## Requirement:
Output nothing but the lines from the one holding "BAHRAIN, BAHRAIN - NOVEMBER" to the end of the listing. Reproduce them exactly, without the pictures.

## The data:
--- START ---

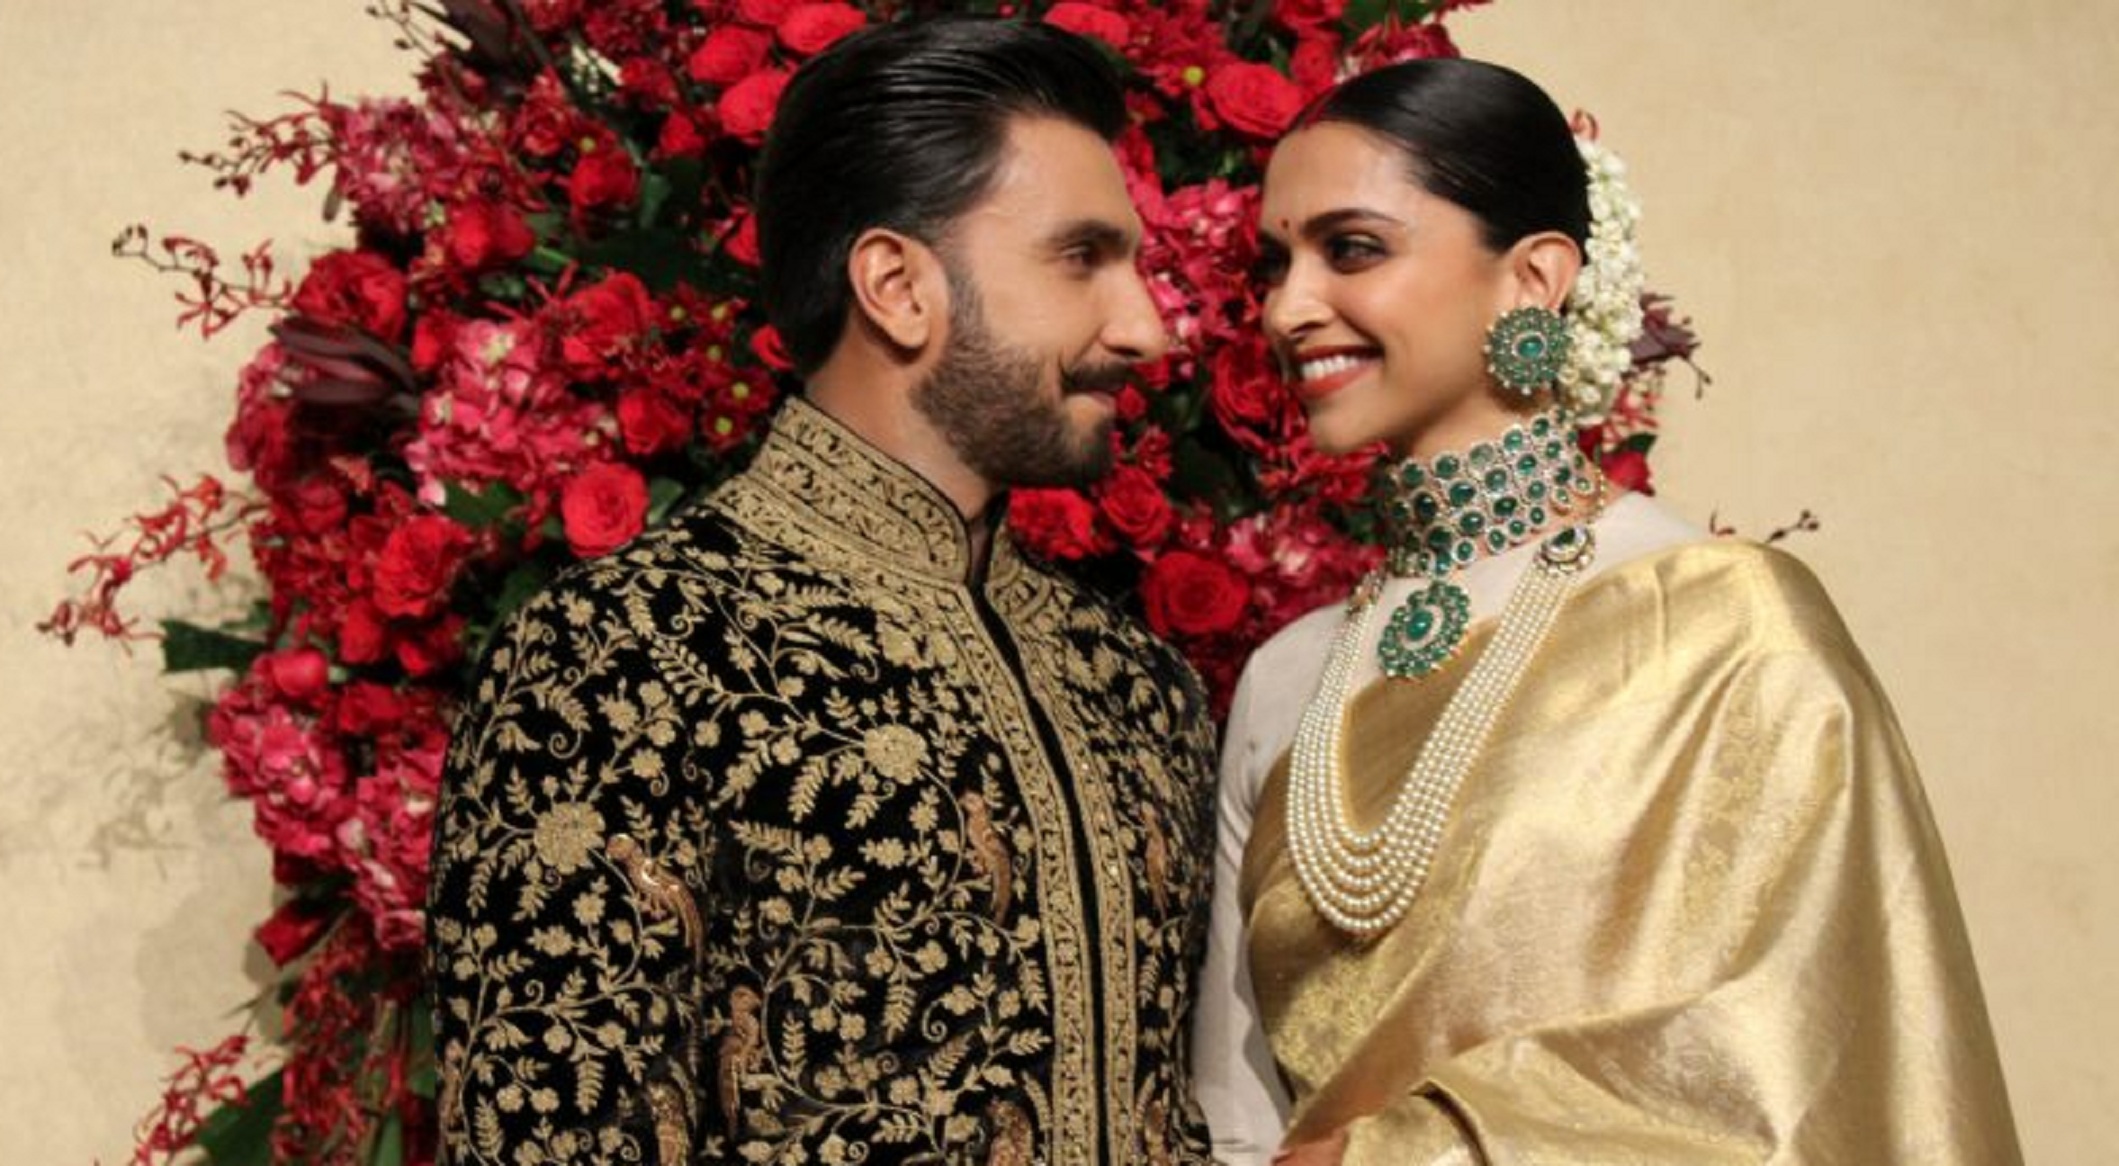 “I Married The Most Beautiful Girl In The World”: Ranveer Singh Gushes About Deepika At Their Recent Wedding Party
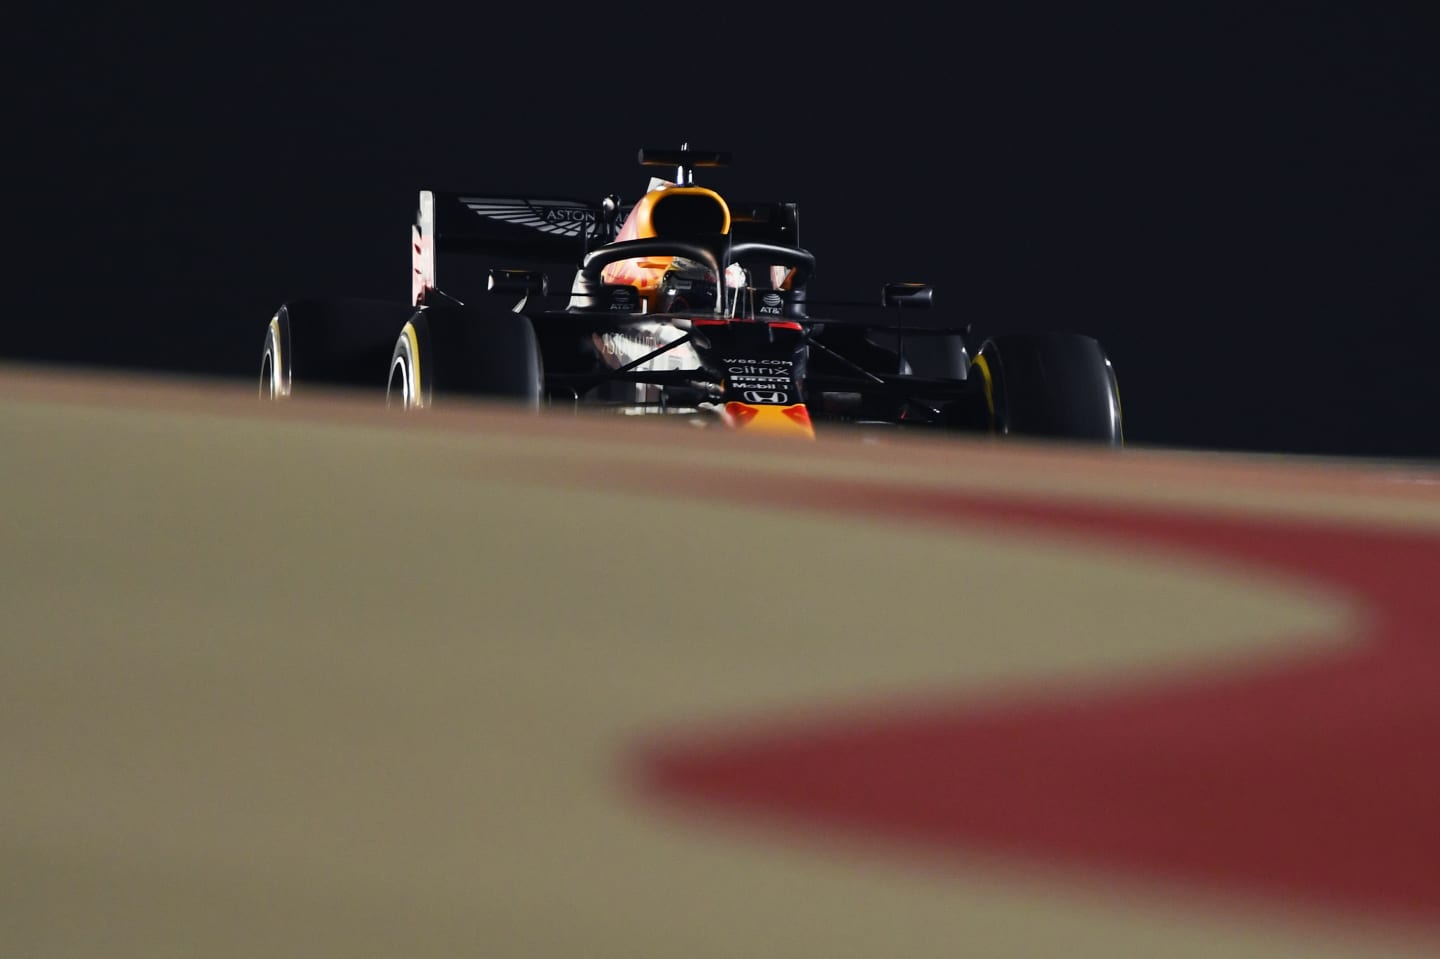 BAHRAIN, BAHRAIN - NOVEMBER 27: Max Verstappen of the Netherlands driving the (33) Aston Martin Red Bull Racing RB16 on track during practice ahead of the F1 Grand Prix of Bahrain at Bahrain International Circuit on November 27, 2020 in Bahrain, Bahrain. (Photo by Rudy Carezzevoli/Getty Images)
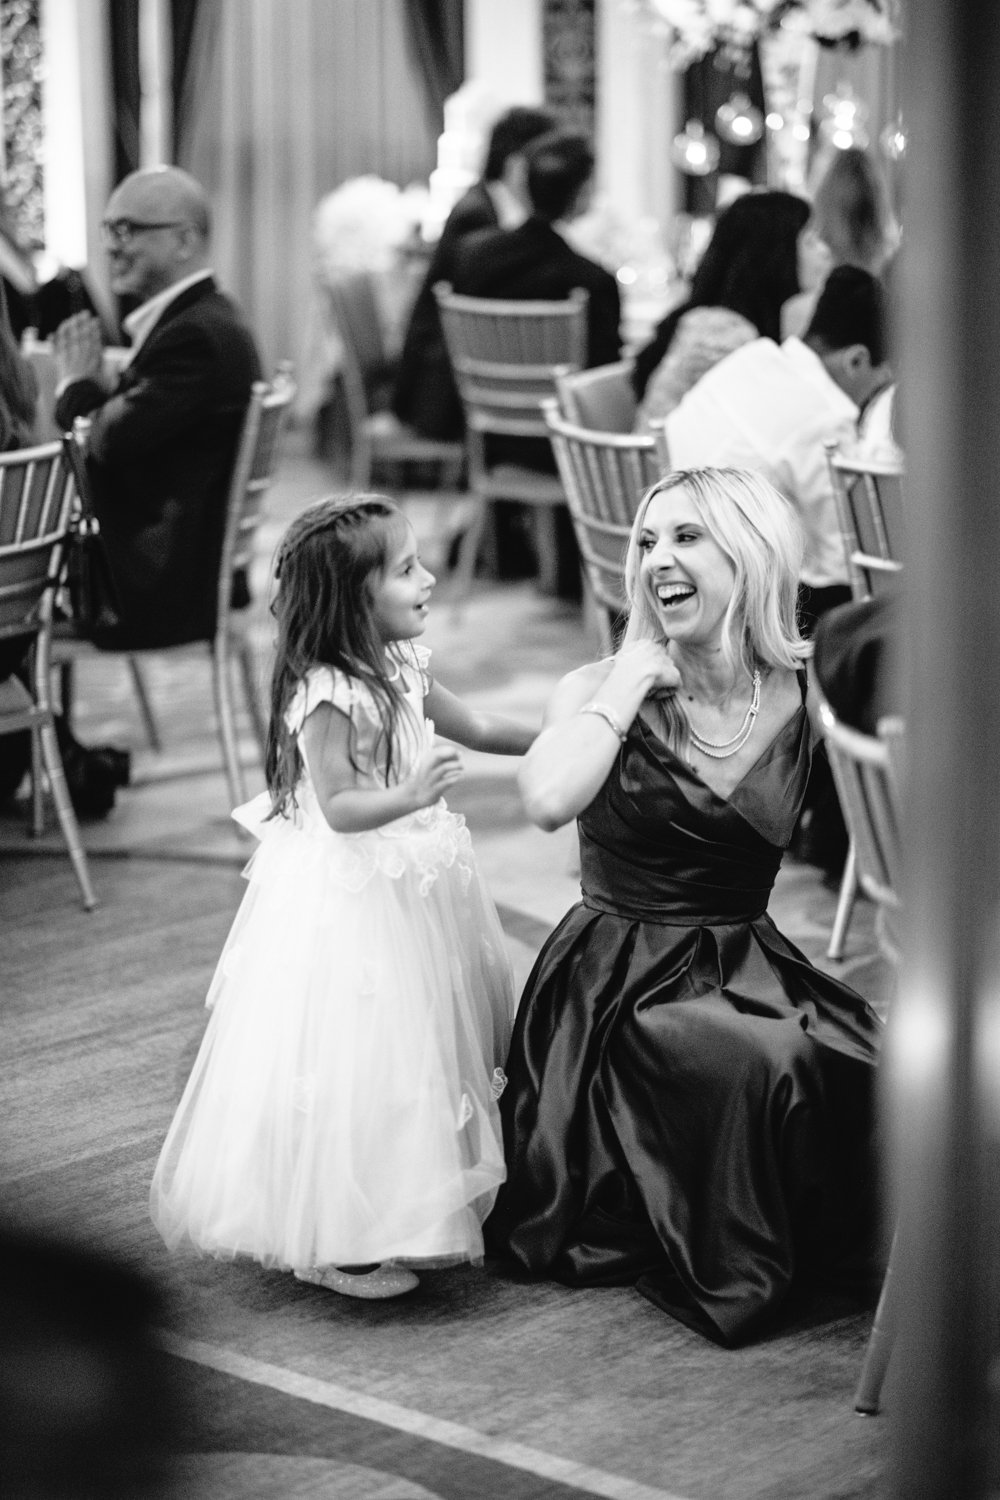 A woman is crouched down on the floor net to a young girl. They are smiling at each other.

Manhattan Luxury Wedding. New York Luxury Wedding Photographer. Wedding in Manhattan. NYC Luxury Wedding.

--- END ---

## Response for this exercise:
 BAHRAIN, BAHRAIN - NOVEMBER 27: Max Verstappen of the Netherlands driving the (33) Aston Martin Red Bull Racing RB16 on track during practice ahead of the F1 Grand Prix of Bahrain at Bahrain International Circuit on November 27, 2020 in Bahrain, Bahrain. (Photo by Rudy Carezzevoli/Getty Images)
 A woman is crouched down on the floor net to a young girl. They are smiling at each other.

Manhattan Luxury Wedding. New York Luxury Wedding Photographer. Wedding in Manhattan. NYC Luxury Wedding.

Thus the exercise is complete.